Volunteering its own reward but real prizes are up for grabs too

Student Scarfie Card scheme creator  Aaron Thompson  displays some of the cards at City College,...
Student Scarfie Card scheme creator Aaron Thompson displays some of the cards at City College, one of two colleges participating in the pilot scheme this year. Playing with the cards behind him are residential assistants (from left) Bianca Burgess-Heald, Mitch Nganeko, Kate Alfeld, Alesha Clark and Sally Cao, watched by head of college Joy Crawford and associate head of college Ben Pereira. Photo by Linda Robertson.
In return for a few hours' work, Dunedin tertiary students will soon be able to claim rewards like meals out, ski passes, concert tickets and free admission to tourist attractions.

It is a concept which has taken students some time to get their heads around, Scarfie Card creator Aaron Thompson said.

"It has been met with a bit of pleasant disbelief. They are going to get stuff which is actually worthwhile. They probably thought they would get balloons or lollipops."

Mr Thompson, director of Christian campus organisation Student Life, came up with the idea as a way of diverting attention from Dunedin's perceived student drinking culture and reconnecting students to their community.

He has spent more than a year crystalising the details, developing a website and bringing partners on board.

There are now more than 20 partners including the Dunedin City Council, Otago University Students Association, University of Otago, Age Concern and several local businesses.

Brochures have been printed and distributed to places like doctors' rooms, physiotherapists' rooms, kindergartens, schools and sports clubs.

A $25,000 funding injection has enabled project manager Allister Laurent to be employed and the scheme to be launched as a pilot this year to all Castle St residents and to students living in two residential colleges, Aquinas and City College.

Initially, only 1000 students will be able to sign up, with more than 500 rewards on offer.

Asked what would happen if rewards ran out, Mr Thompson said it would be "amazing".

"I see the rewards as a bonus and would hope students would too."

The other element of the scheme involves distributing a free pack of playing cards to students - this year to the students in the pilot group.

The cards list things to do and places to see in Dunedin and surrounds, directions on how to get there and links to various websites.

"Even if they never volunteer, the cards are a gift from the city ... to show students that there is plenty to do here.

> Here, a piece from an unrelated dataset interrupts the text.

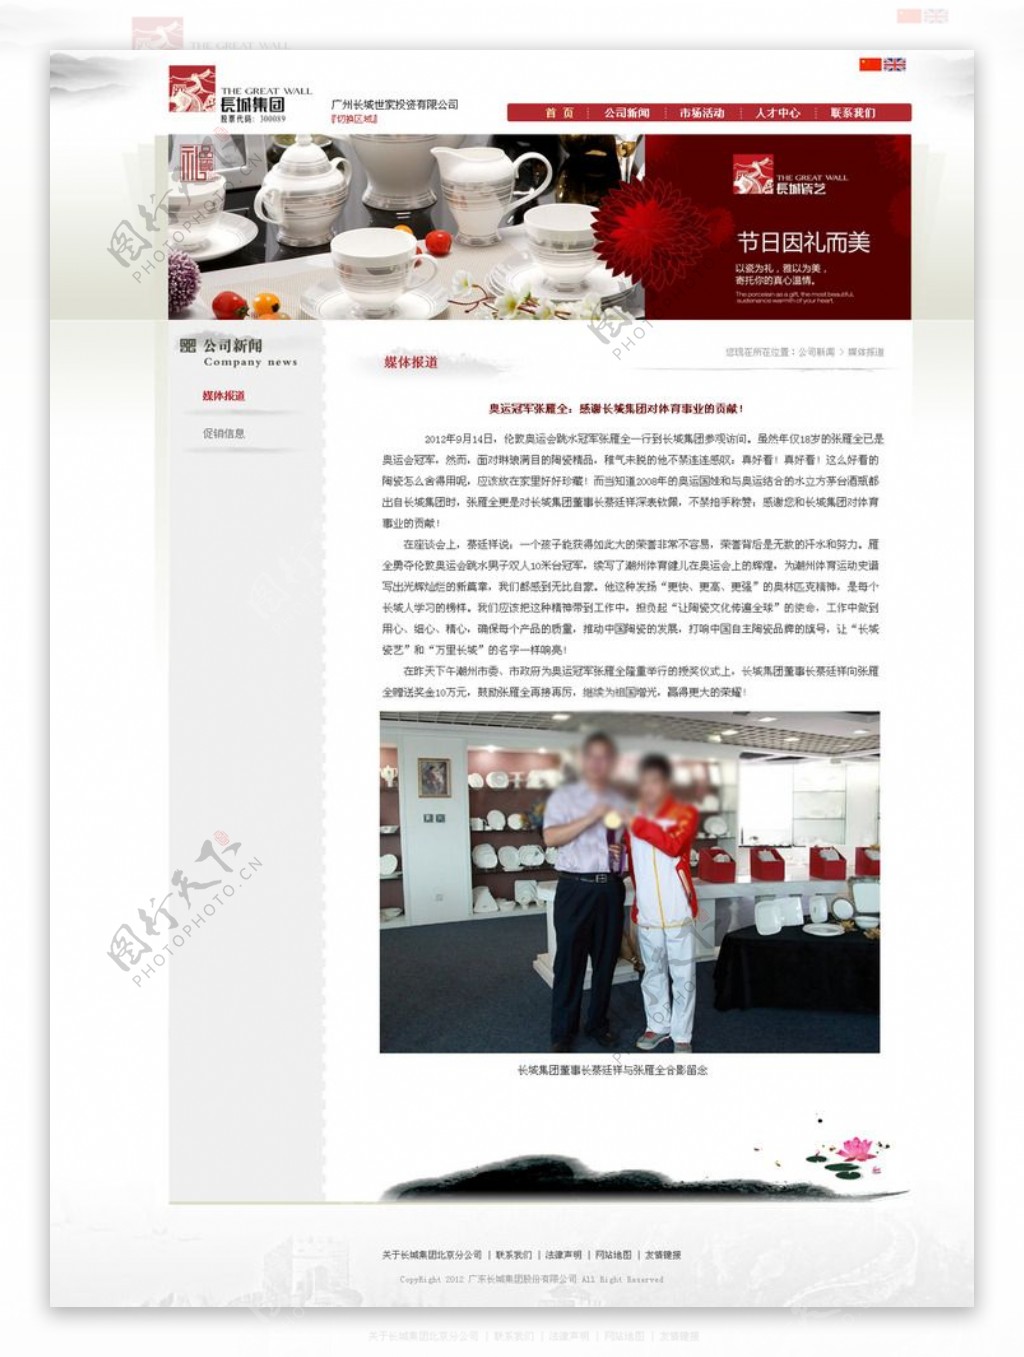 陶瓷网站官网模版公司新闻详细页

I got tired of hearing students say they were drinking because there was nothing to do. It's rubbish. I hope the cards will motivate them to explore the community and get out and meet people."

Interest in the volunteering Scarfie Card scheme was high right from the time he announced the concept six months ago, he said.

Mr Thompson did not know how many students would volunteer but was optimistic, saying: "Our hope is that if students try it out it will become contagious and they will get others involved."

Head of City College Joy Crawford said she had been talking to and listening to Mr Thompson for several years.

Both shared a desire to change the perception among some students that excessive drinking was the norm.

She was right behind the Scarfie Card.

"It is a fabulous idea. It must be, otherwise we wouldn't buy into it."

Scarfie Card
• Voluntary work opportunities posted on website, www.scarfiecard.co.nz Students register to complete projects.
• Students receive points for labour, redeemable for rewards.
• Work opportunities and students' work monitored by project manager; students must adhere to code of conduct.
• Pilot scheme only this year, starting March 1.
• May be expanded to all students next year, if successful.